The RTX 4090 was always going to be a card for early adopters out there, and it will pretty much give you everything you could want in an enthusiast graphics card. However, I'd definitely argue that the upcoming Nvidia GeForce RTX 4080 is likely to be the much better purchase for gamers — and even the majority of creatives out there.
NVIDIA GEFORCE RTX 4090: PRICE & AVAILABILITY
MRP is listed at $1,599 (roughly £1,360, AU$2,300).
When will it be released? On October 12, 2022.
You can purchase it in the US, UK, and Australia.
NVIDIA GEFORCE RTX 4090: FEATURE & CHIPSET
Image: Future |
Because of the TSMC node, Nvidia was able to fit 76.3 billion transistors onto the AD102 die, a 169% increase in transistor count over the GA102's 28.3 billion, which has a die size of 628mm2, the same as the GA102 GPU in the RTX 3090.
The RTX 4090's base clock runs at a quick 2,235 MHz, compared to the RTX 3090's 1,395 MHz, therefore there has also been a significant increase in clock speeds. Its boost clock also experiences a comparable increase, going from 1,695 MHz to 2,520 MHz.
The RTX 4090 has a faster effective memory speed of 21.2 Gbps compared to the RTX 3090's 19.5 Gbps because its memory clock is also slightly faster at 1,325 MHz, up from 1,219 MHz. Due to this, the RTX 4090 can utilise its 24GB of GDDR6X VRAM more effectively than the RTX 3090.
The RTX 4090 has roughly 6,000 more CUDA cores than the RTX 3090 because it has 128 streaming multiprocessors instead of 82, or 56% more cores (16,384 to 10,496). This also implies that the RTX 4090 has 46 more ray tracing cores and 184 more Tensor cores, all of which are next-generation cores, making them even more effective at ray tracing and vectorized computations than its predecessor.
This is notably clear when running DLSS 3, which makes the transition to full-frame rendering rather than just the pixel rendering performed by prior incarnations of DLSS, and when turning up ray tracing to the maximum in games like Cyberpunk 2077.

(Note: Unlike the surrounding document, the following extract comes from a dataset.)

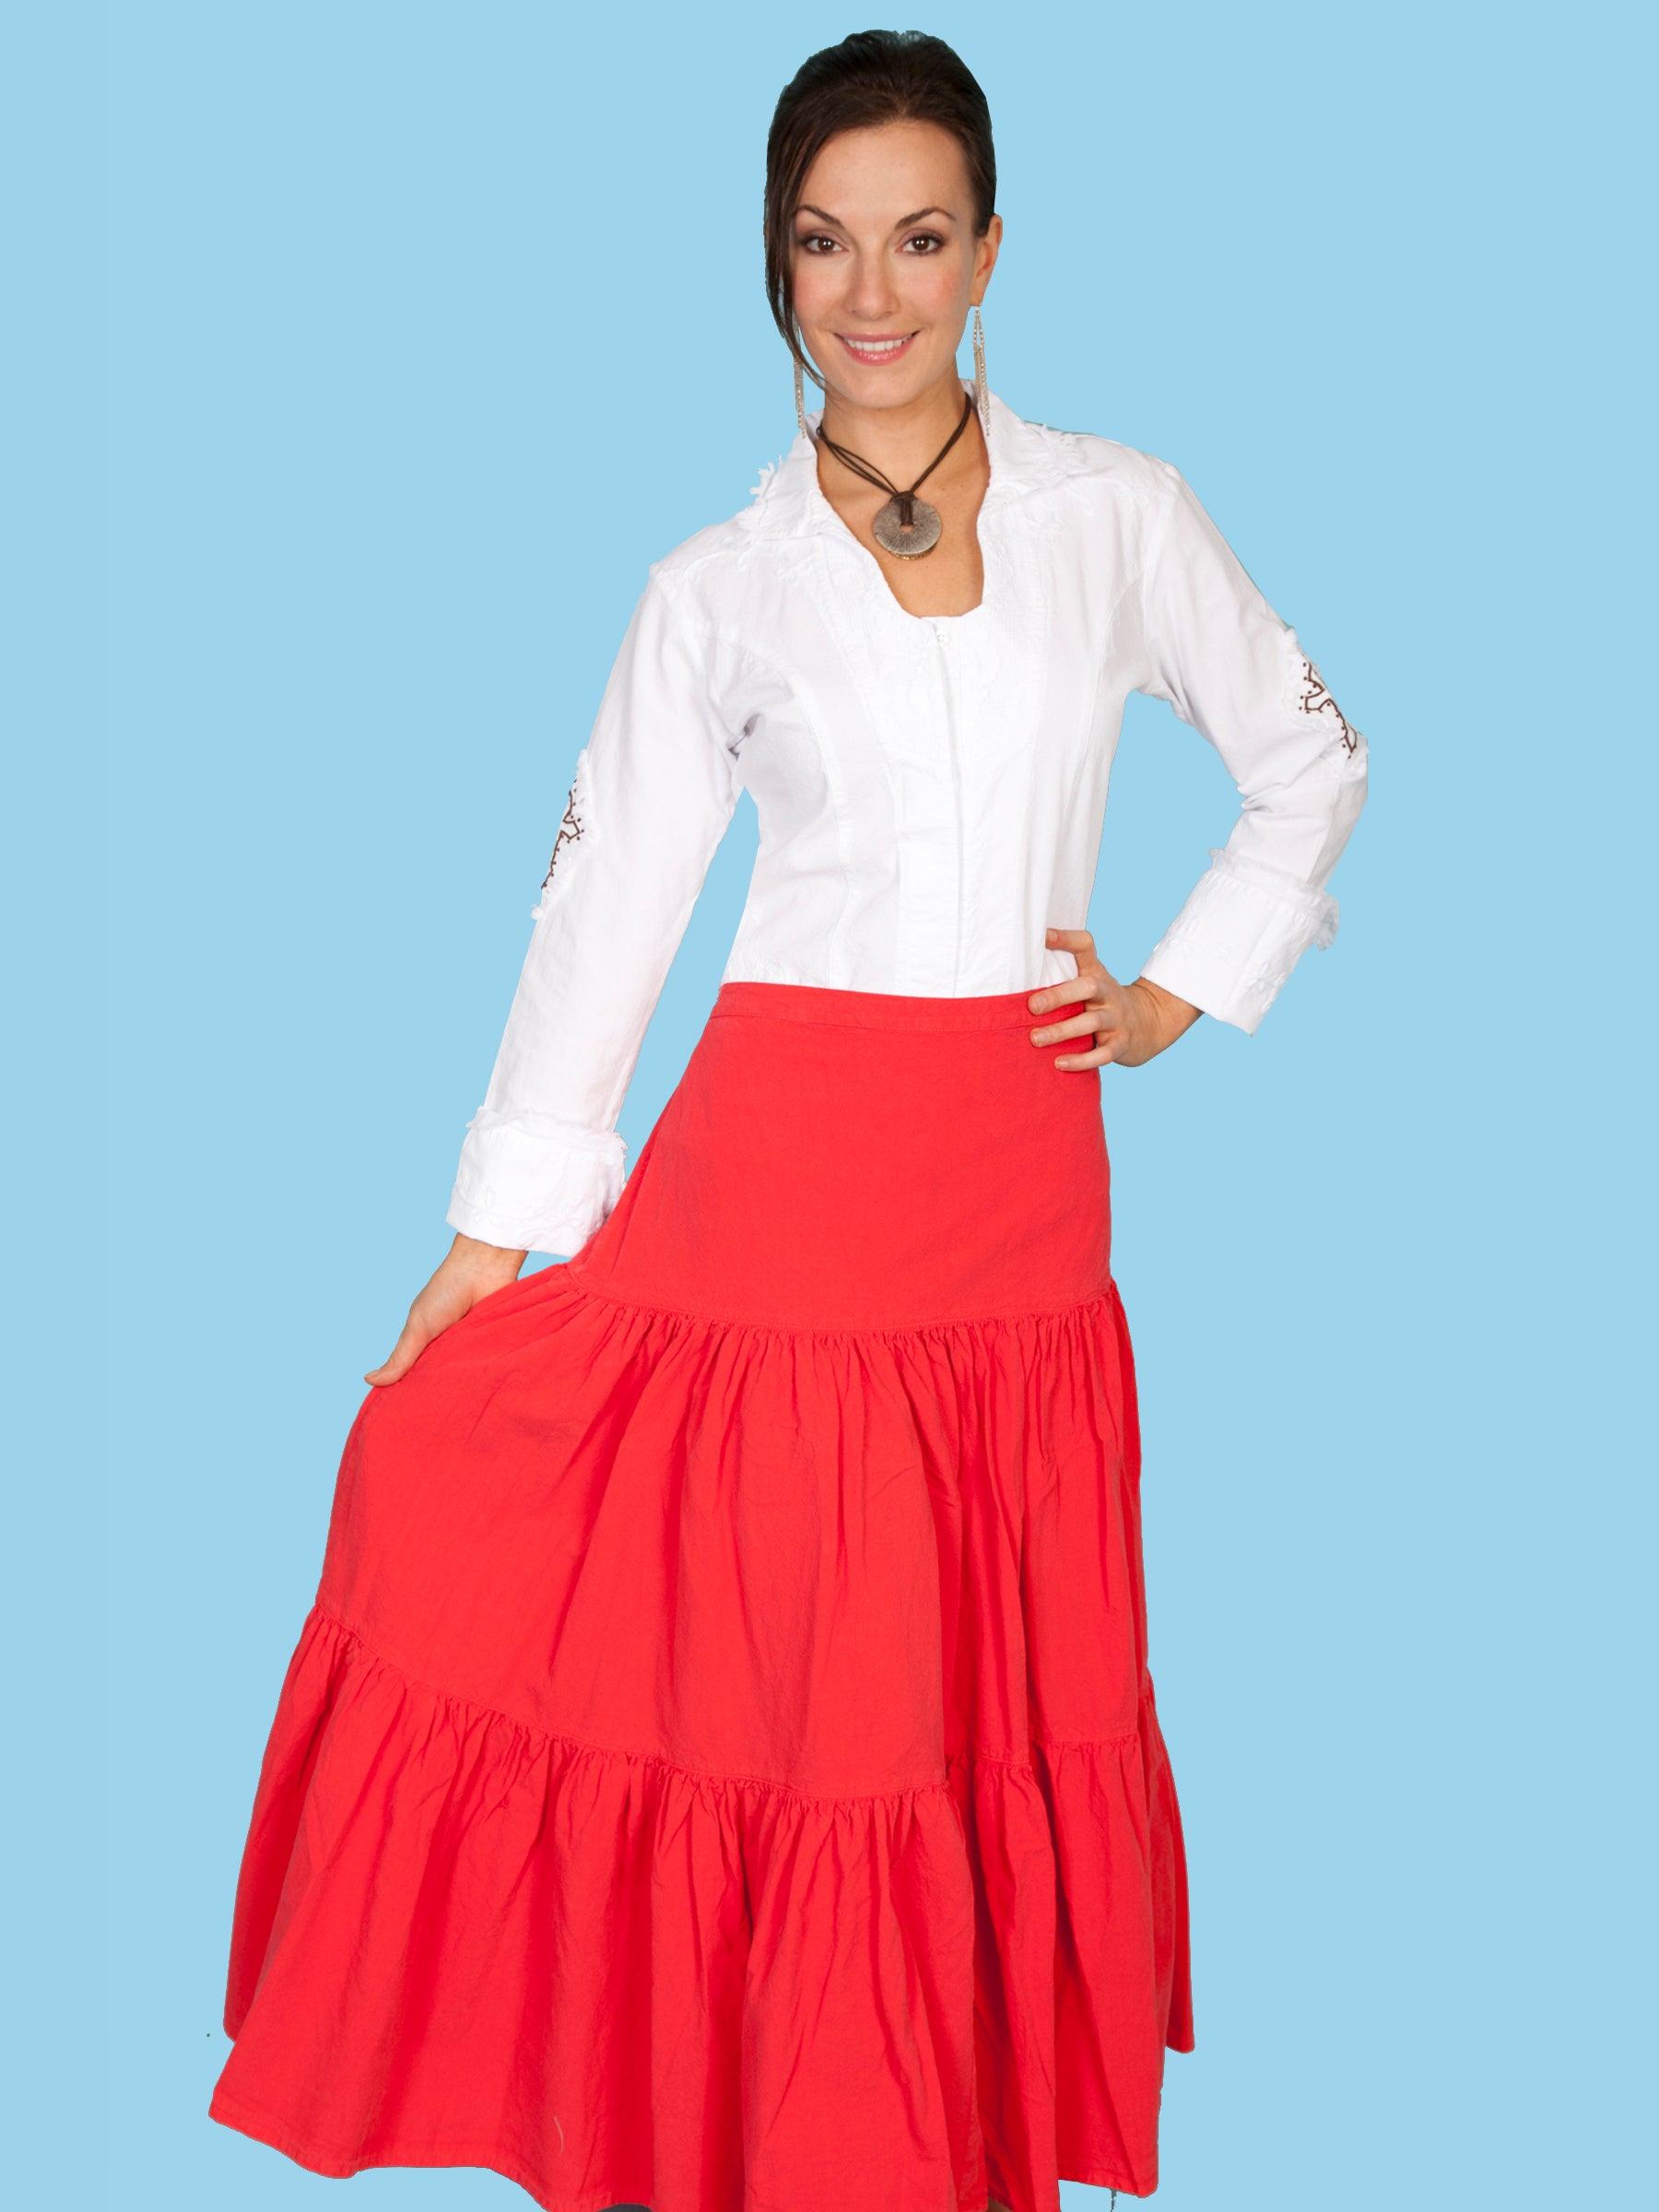 Scully VERMILION 3 TIER SKIRT - Flyclothing LLC

NVIDIA GEFORCE RTX 4090: DESIGN
Image: Future |
NVIDIA GEFORCE RTX 4090: PERFORMANCE
About power, the RTX 4090 uses a brand-new 16-pin connector that must be powered by four 8-pin connectors linked into an adaptor. This shouldn't come as a surprise given the card's 450W TDP, however, using this type of adapter in your situation will probably be a nightmare. We strongly advise you to check into the new power supply units (PSUs) that are entering the market and support this new connector without the need for an adaptor. You might as well go all out and simplify your life and cable management if you're going to spend this much money on a new graphics card.
Image: Future |
The Nvidia RTX 4090 produced startling results across all of our synthetic benchmark tests, notably on more recent and sophisticated benchmarks like 3DMark Port Royal and Time Spy Extreme, occasionally entirely outpacing the RTX 3090 and outperforming the RTX 3090 Ti very much everywhere.
Image: Future |
The Nvidia RTX 4090's Blender performance is particularly noteworthy for more than doubling the RTX 3090 Ti's performance on two out of three tests and outperforming any other rival 4K graphics card in Cycles rendering as this trend carries on to the GPU-intensive creative benchmarks.
PugetBench for Premiere Pro measures full system performance rather than just isolating the GPU, and Adobe Photoshop is a heavily raterized workload, which is something that AMD has an advantage in over the past couple of generations, as we can see pretty clearly in our tests. The RTX 4090 performs noticeably better than the RTX 3090 Ti in Premiere Pro, but the difference isn't nearly as dramatic as it might be.